> [TASK ITEM] The entries below contain a stretch that opens with the line containing "VERTICAL GARDEN –" and closes with the line containing "Elements International Magnolia"; set down that stretch exactly, both ends included, and nothing else.

*** INPUT DATA ***

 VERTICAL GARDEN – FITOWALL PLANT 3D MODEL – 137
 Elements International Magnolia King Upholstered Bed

*** End of INPUT DATA ***
*** INPUT DATA ***

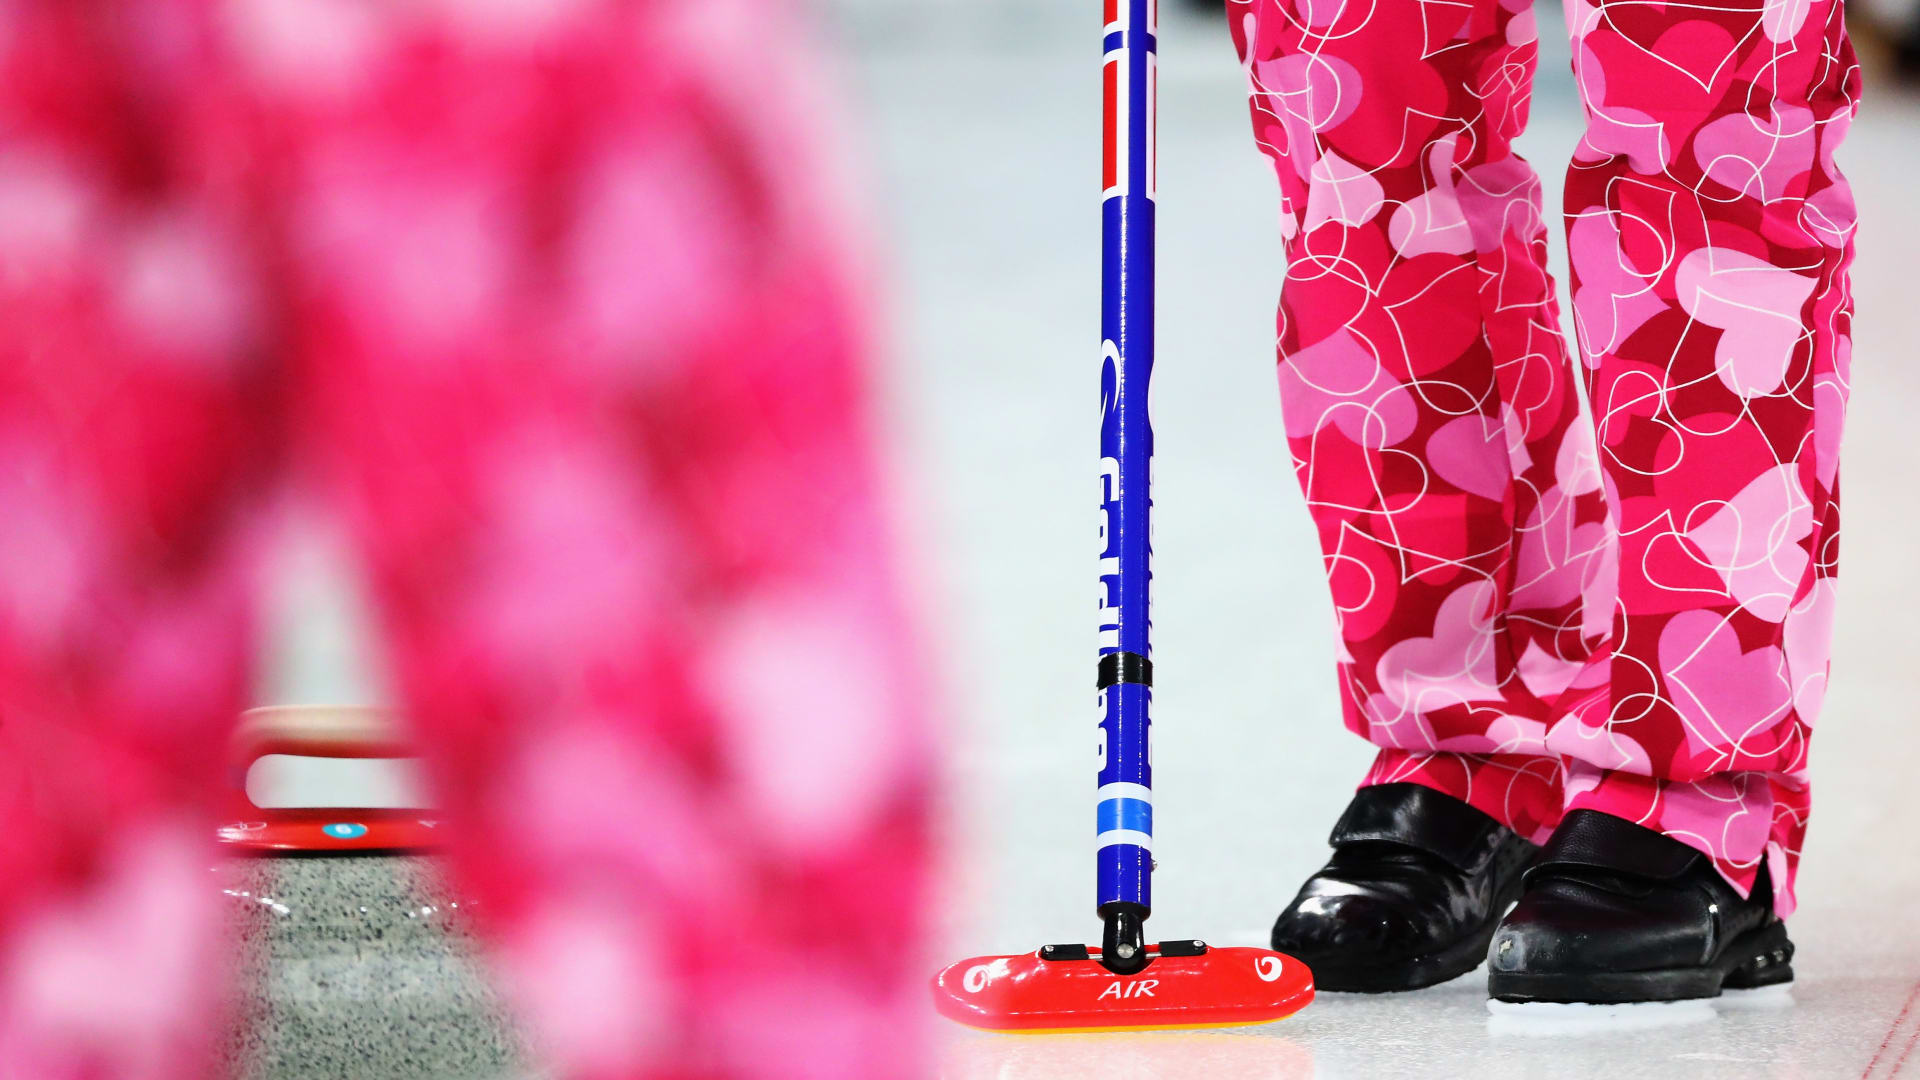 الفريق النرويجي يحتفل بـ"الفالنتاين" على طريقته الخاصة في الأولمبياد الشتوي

*** End of INPUT DATA ***
*** INPUT DATA ***

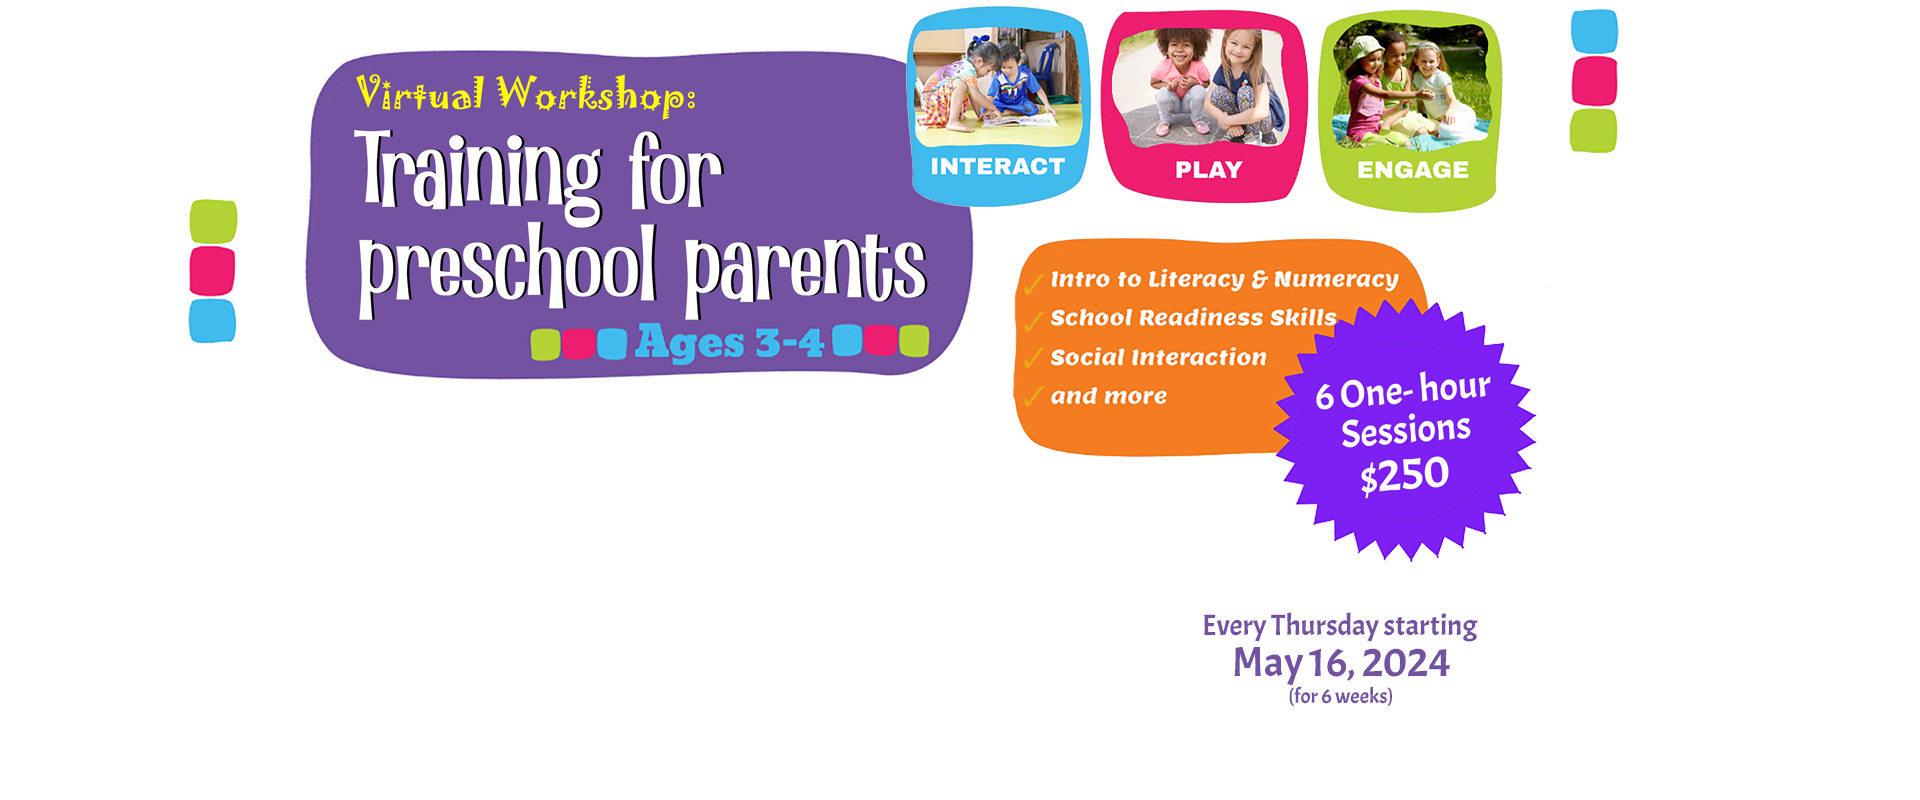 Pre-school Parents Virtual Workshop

*** End of INPUT DATA ***

> [OUTPUT FOR THIS TASK]
 VERTICAL GARDEN – FITOWALL PLANT 3D MODEL – 137
 Elements International Magnolia King Upholstered Bed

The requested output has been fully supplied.